As you roll the dice, encourage students to keep track of the rolls and the number of petals. Explain that a table of results will make it easier to identify any patterns and discover a rule.
Should a student suggest that she knows the rule for determining the number of petals, do not ask her to share it. Instead, roll the dice and ask her to identify the number of petals. If she answers correctly for several rolls in a row, declare her to be a Potentate of the Rose and tell her, "Now that you are a Potentate, you are sworn to secrecy about the rule. You must never reveal the method for determining the number of petals. Only those who solve it themselves should know the secret." (To help maintain secrecy, you can allow students who figure out the rule to roll the dice as a reward.)
You may want to ask students to generate a list of questions for which they would like to know the answer. Questions could include:
- What happens when you only roll one die?
- What happens when the dice are rearranged from least to greatest? ...or vice versa?
- What happens when only red dice are rolled? ...green dice? ...blue?
- What is the least number of petals possible in a roll? ...the fewest?
- What happens if you change the value of just one die but leave the other four alone?
Depending on the questions on this list, you might want to answer some or all of them. However, do not reveal too much. Arranging the dice in order from least to greatest, for instance, does not affect the number of petals, so you should feel free to do so. But rolling just one die and reporting the number of petals would likely give away the rule, so you probably should not do that.

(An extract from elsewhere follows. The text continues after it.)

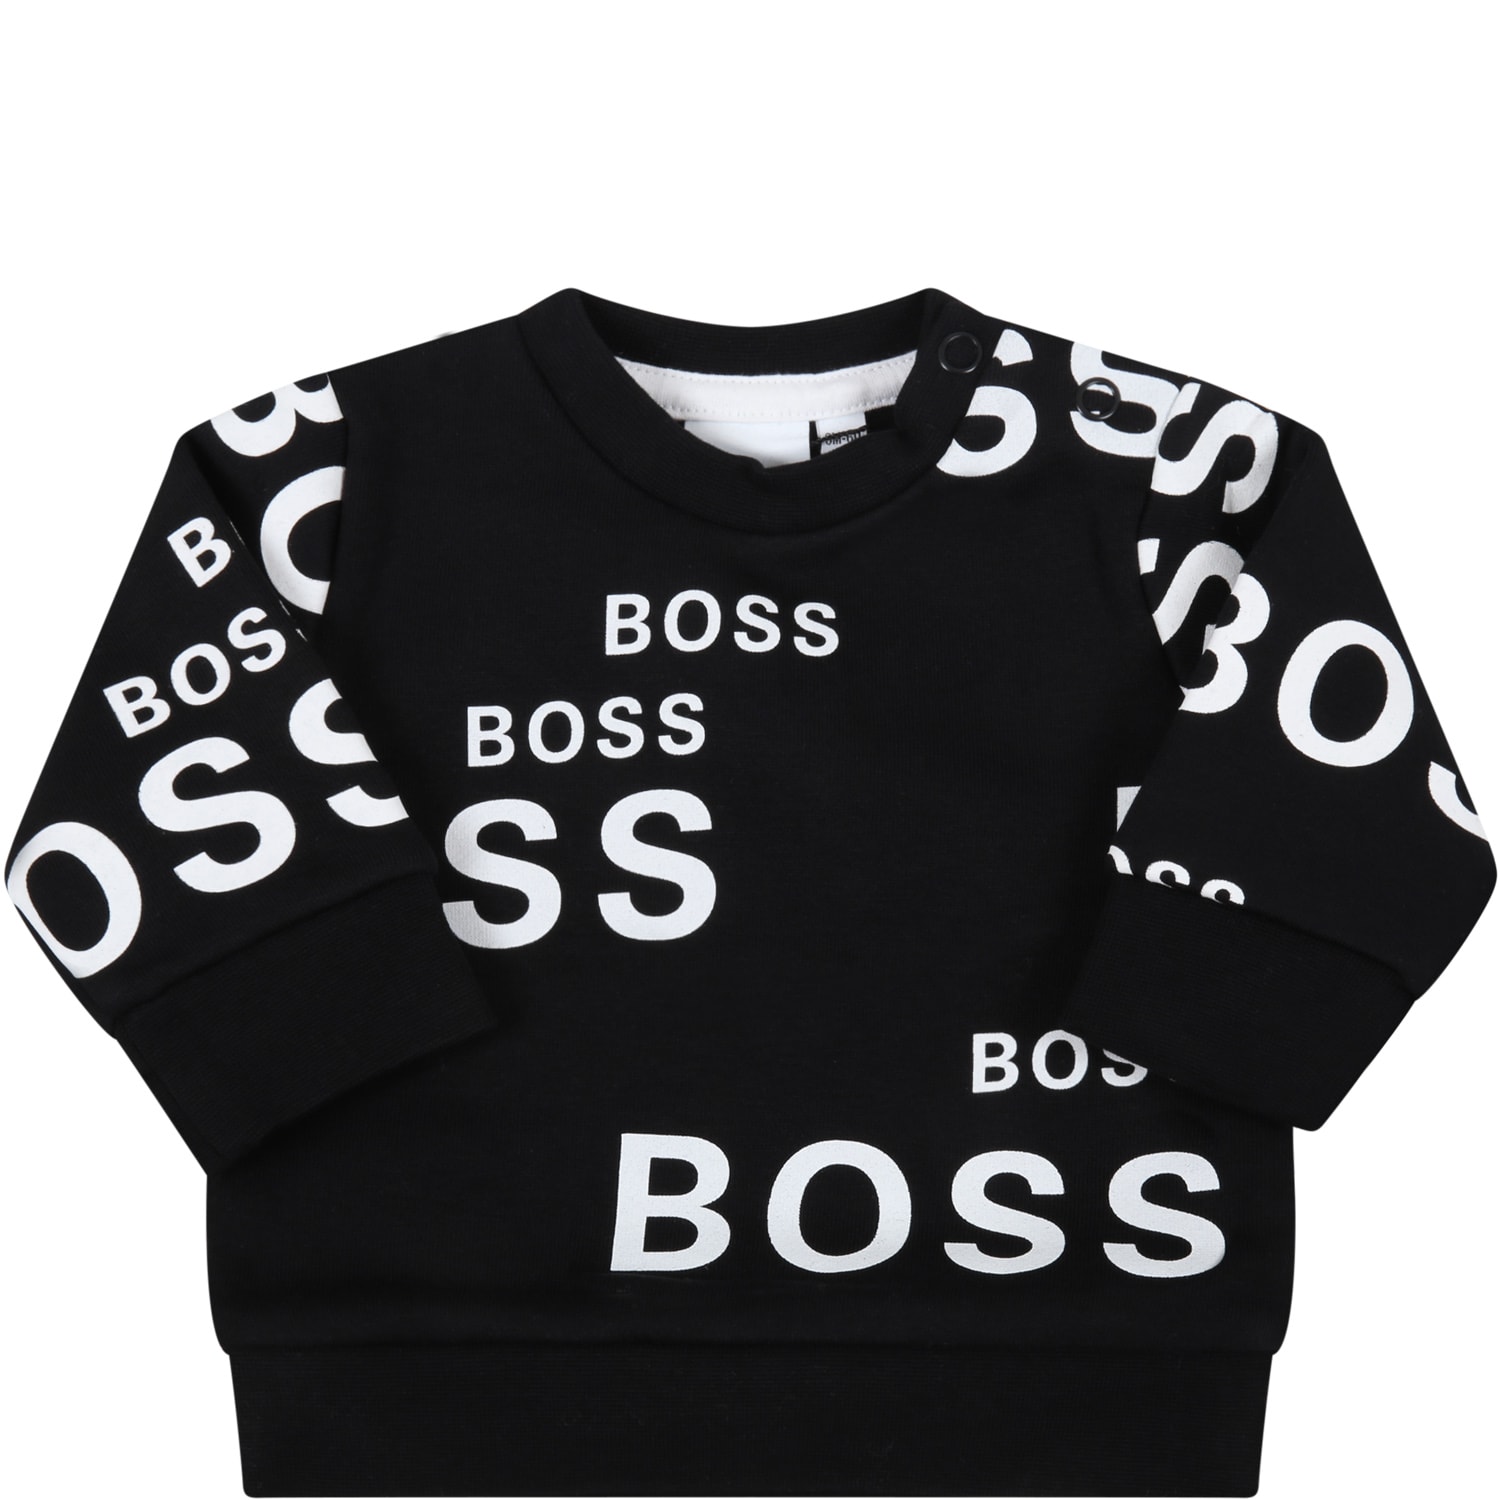 Hugo Boss Black Sweatshirt For Baby Kids With Logos

It may be that no student will determine the rule within the first ten rolls or so. To keep excitement high, you might want to stop the game and say, "Okay, we are not playing the game any more today. We’ll return to it tomorrow when we have more time. But let’s make a list of what you’ve learned about the game so far." Have students generate a list of observations, which may include:
- The name of the game is very important.
- The answer is always even.
- The color of the dice has no effect.
- Answers are generated by rolling the dice.
- The game uses five dice with pips (dots).
- The word "around" is important to the rule.
As is likely obvious, the important part of Petals Around the Rose is not the problem, but rather the strategies that students employ. Students might use any number of strategies to think about the puzzle, including:
- Keep an organized list.
- Guess and check.
- Consider a simpler problem.
- Generate a table of observations.
- Draw diagrams.
In addition to revealing various problem-solving strategies, this problem also teaches students persistence, since they are not allowed to know the rule unless they discover it on their own.
- Determine a rule for Petals Around the Rose.
- Consider various problem-solving strategies.
- Use an organized list to identify patterns.
Common Core State Standards – Mathematics
Grade 4, Algebraic Thinking
Generate a number or shape pattern that follows a given rule. Identify apparent features of the pattern that were not explicit in the rule itself. For example, given the rule ''Add 3'' and the starting number 1, generate terms in the resulting sequence and observe that the terms appear to alternate between odd and even numbers. Explain informally why the numbers will continue to alternate in this way.
Common Core State Standards – Practice
Make sense of problems and persevere in solving them.